What is needed
Take from the entries below the stretch from the line with "Pengadilan Negeri Yogyakarta" through the line with "Boruto Explorer - Anime", and return it exactly, leaving the pictures out.

Material for this task
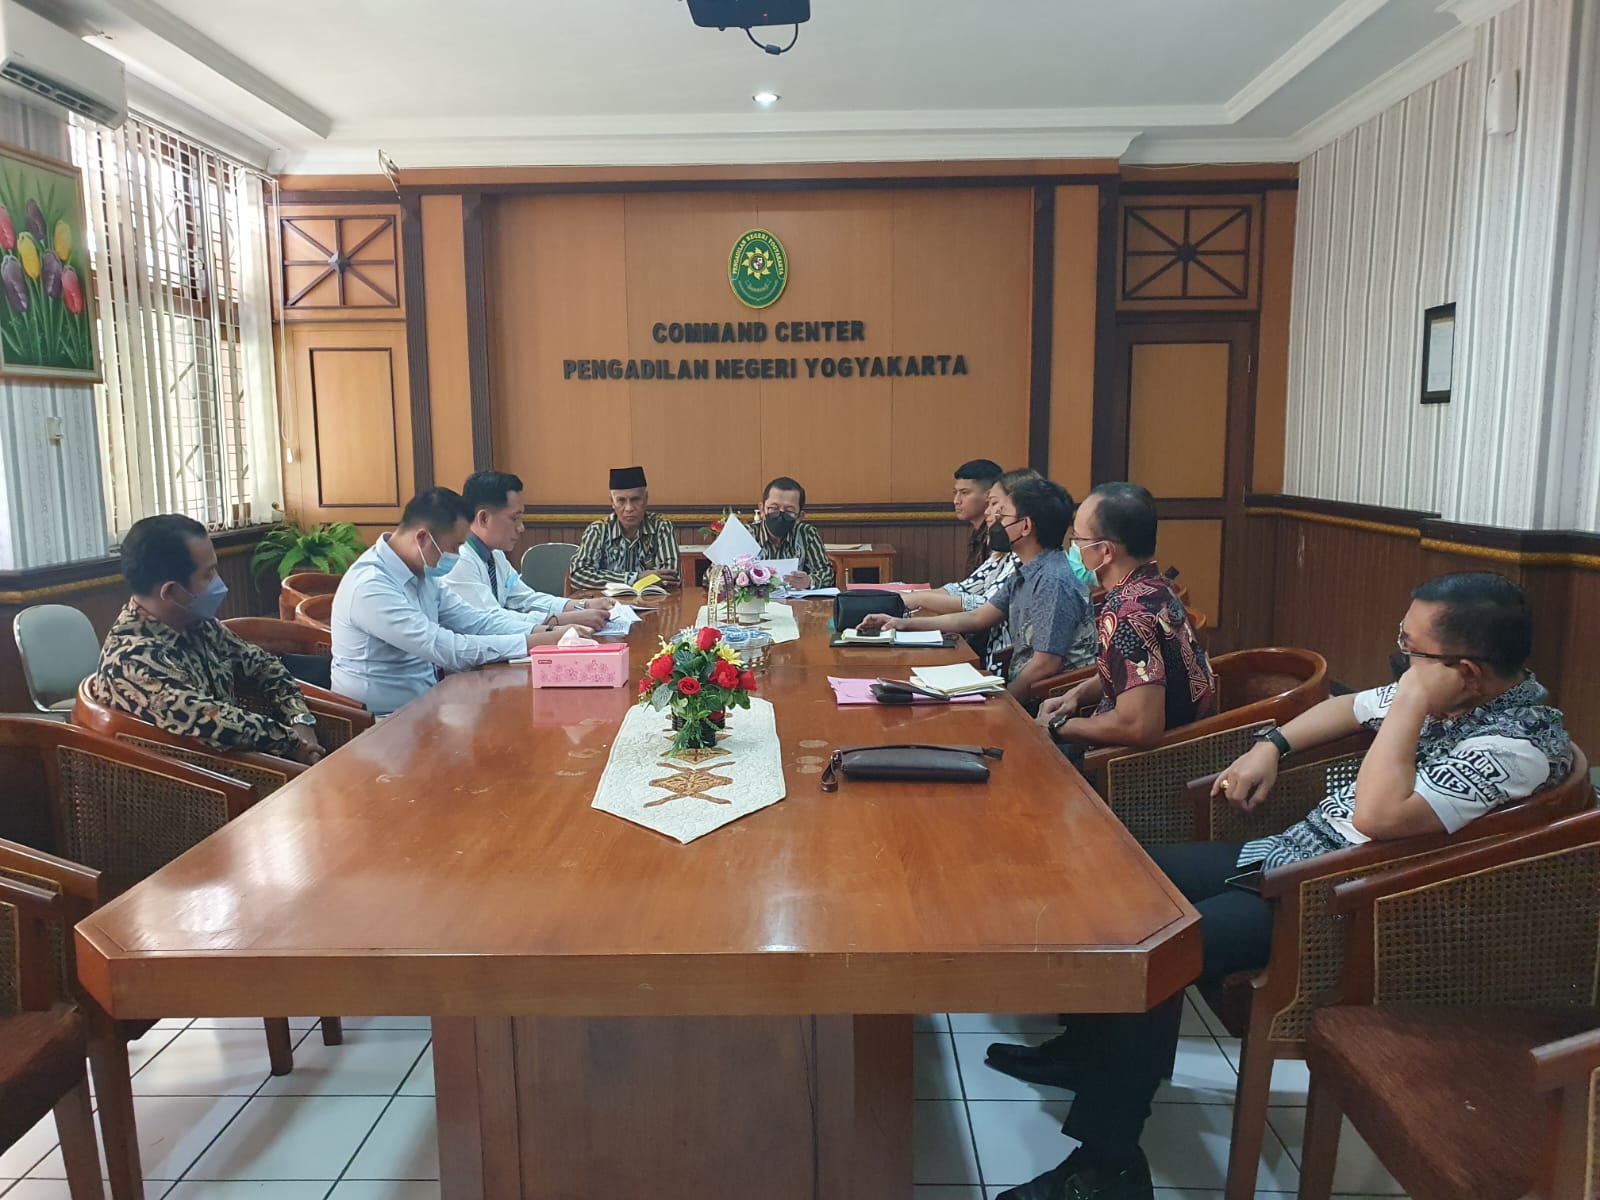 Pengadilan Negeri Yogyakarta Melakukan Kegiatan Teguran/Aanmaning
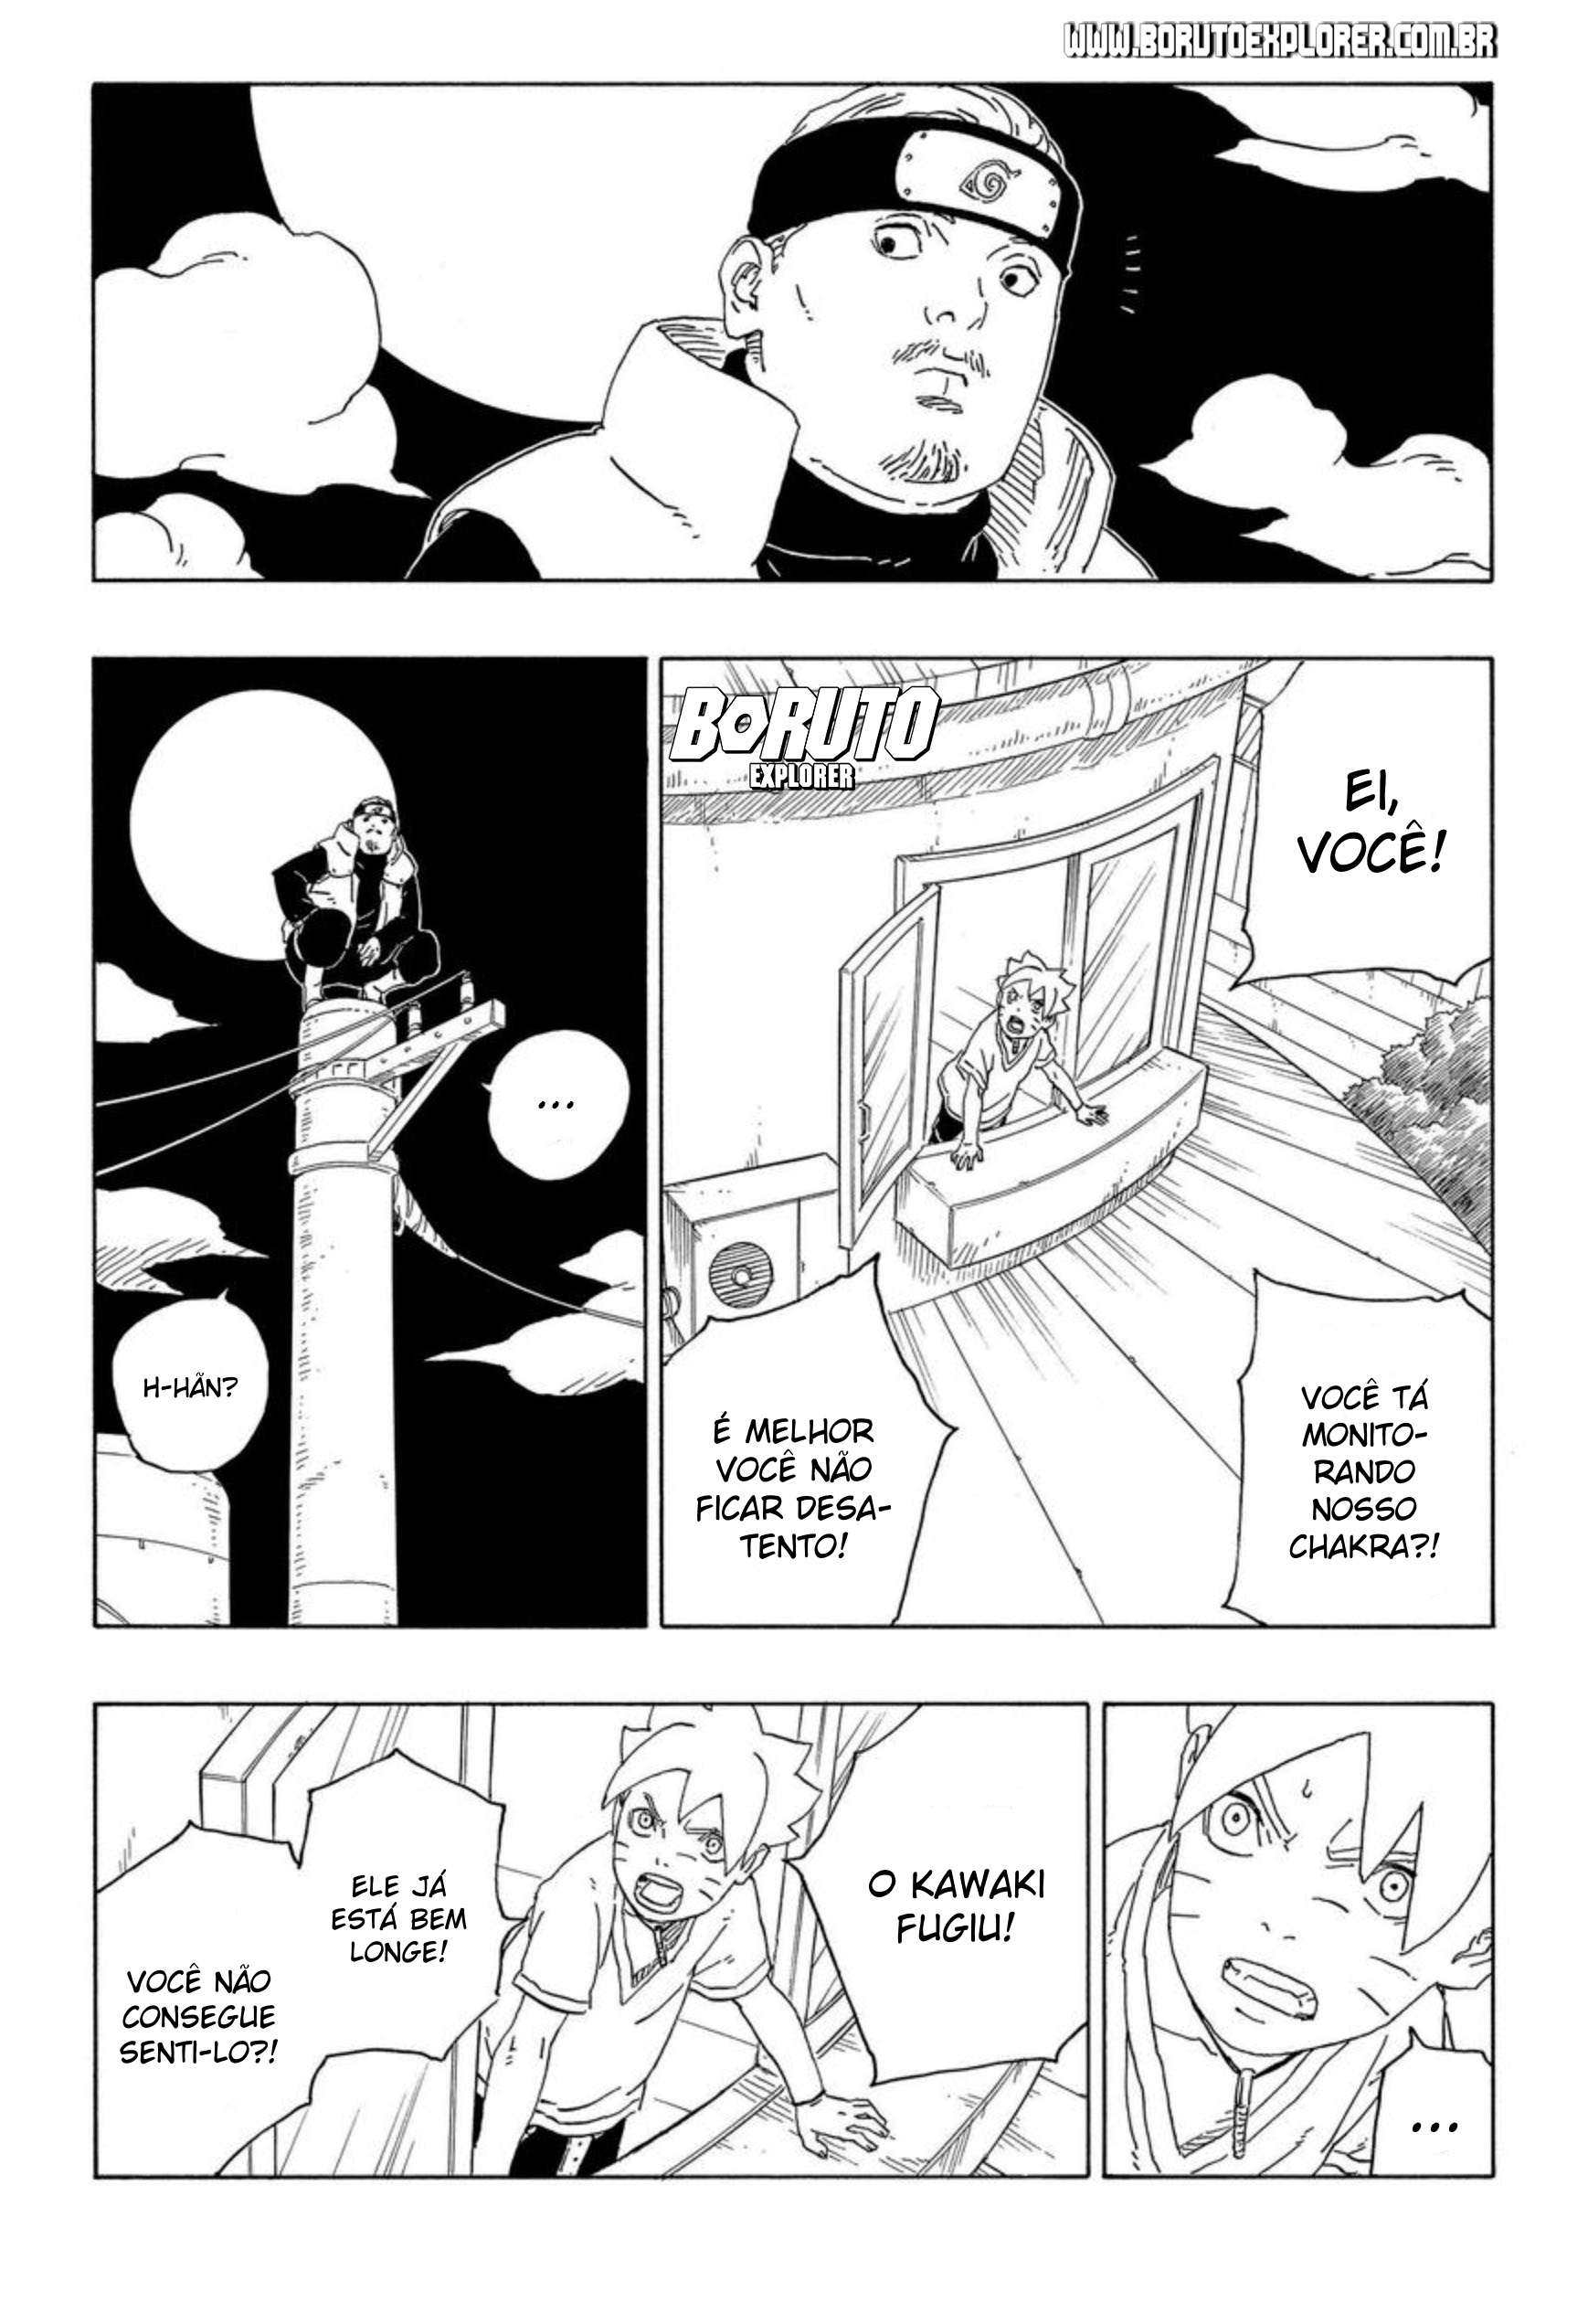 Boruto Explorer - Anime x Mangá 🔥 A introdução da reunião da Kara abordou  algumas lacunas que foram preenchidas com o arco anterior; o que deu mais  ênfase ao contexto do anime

* * *

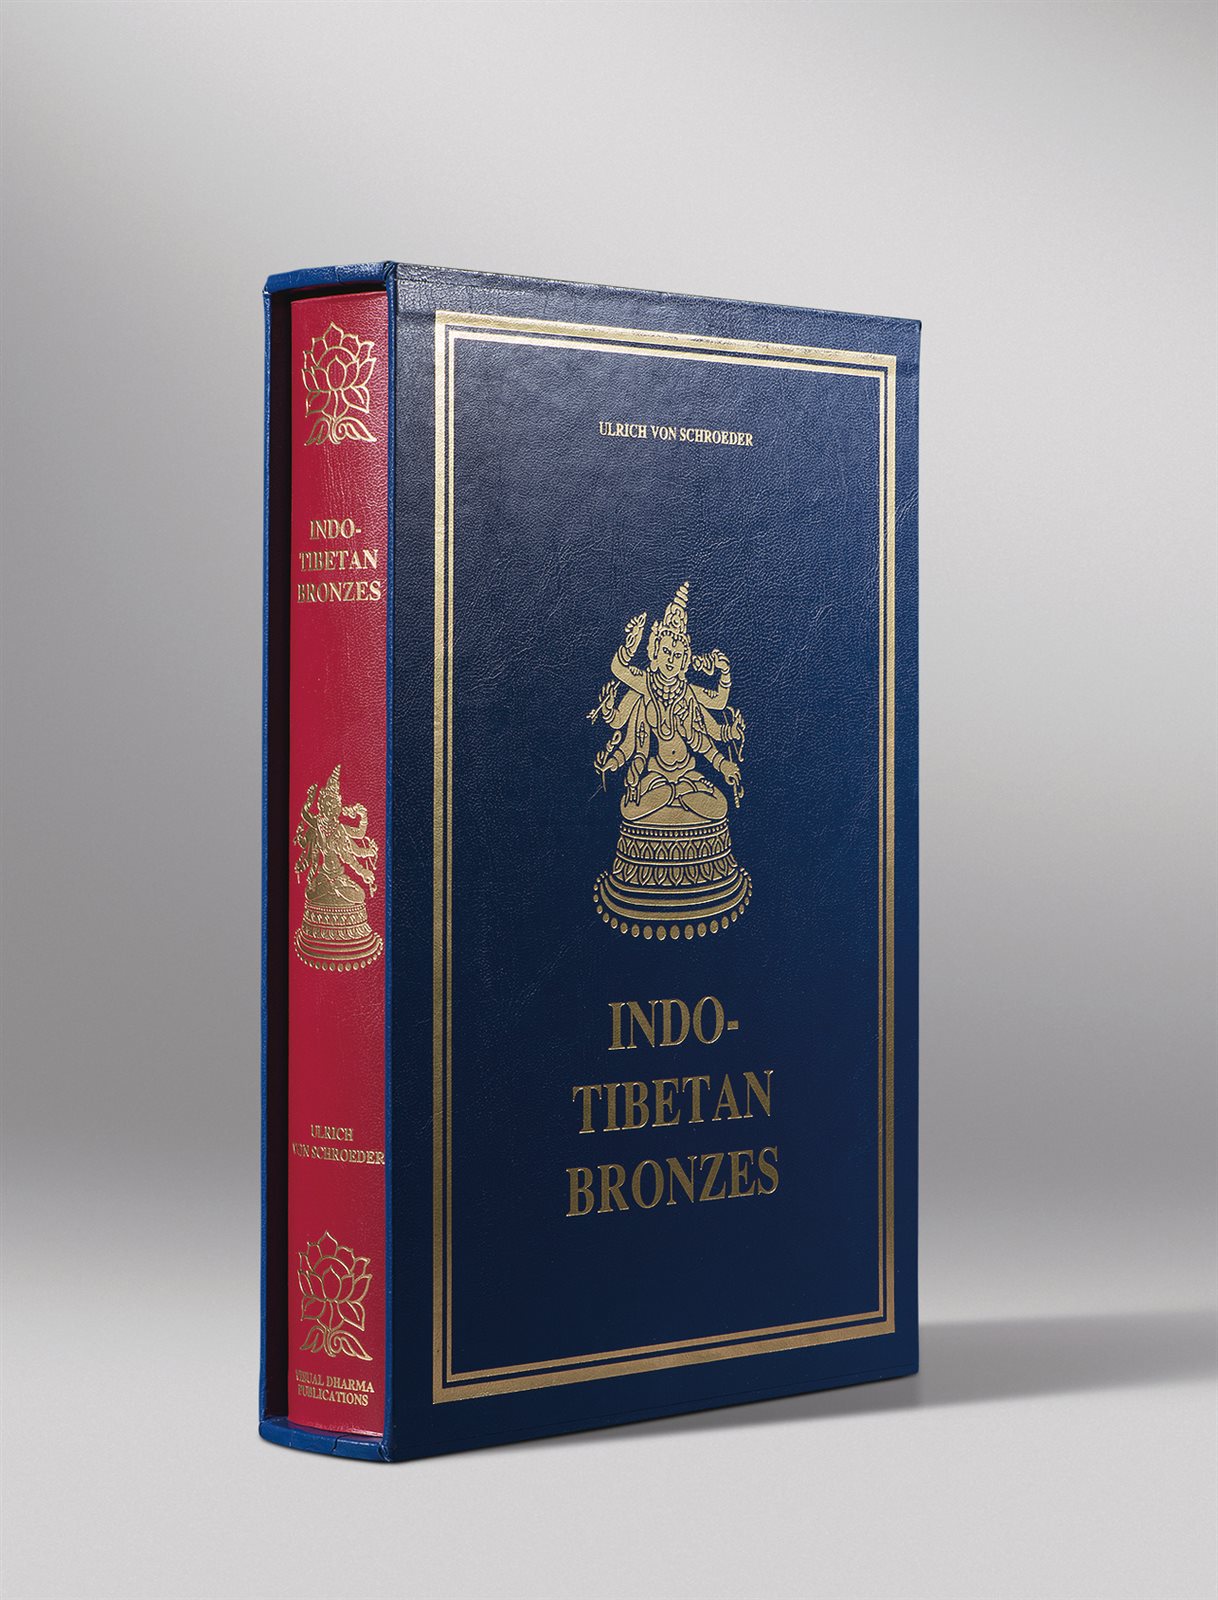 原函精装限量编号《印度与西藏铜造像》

Answer to the problem
 Pengadilan Negeri Yogyakarta Melakukan Kegiatan Teguran/Aanmaning
 Boruto Explorer - Anime x Mangá 🔥 A introdução da reunião da Kara abordou  algumas lacunas que foram preenchidas com o arco anterior; o que deu mais  ênfase ao contexto do anime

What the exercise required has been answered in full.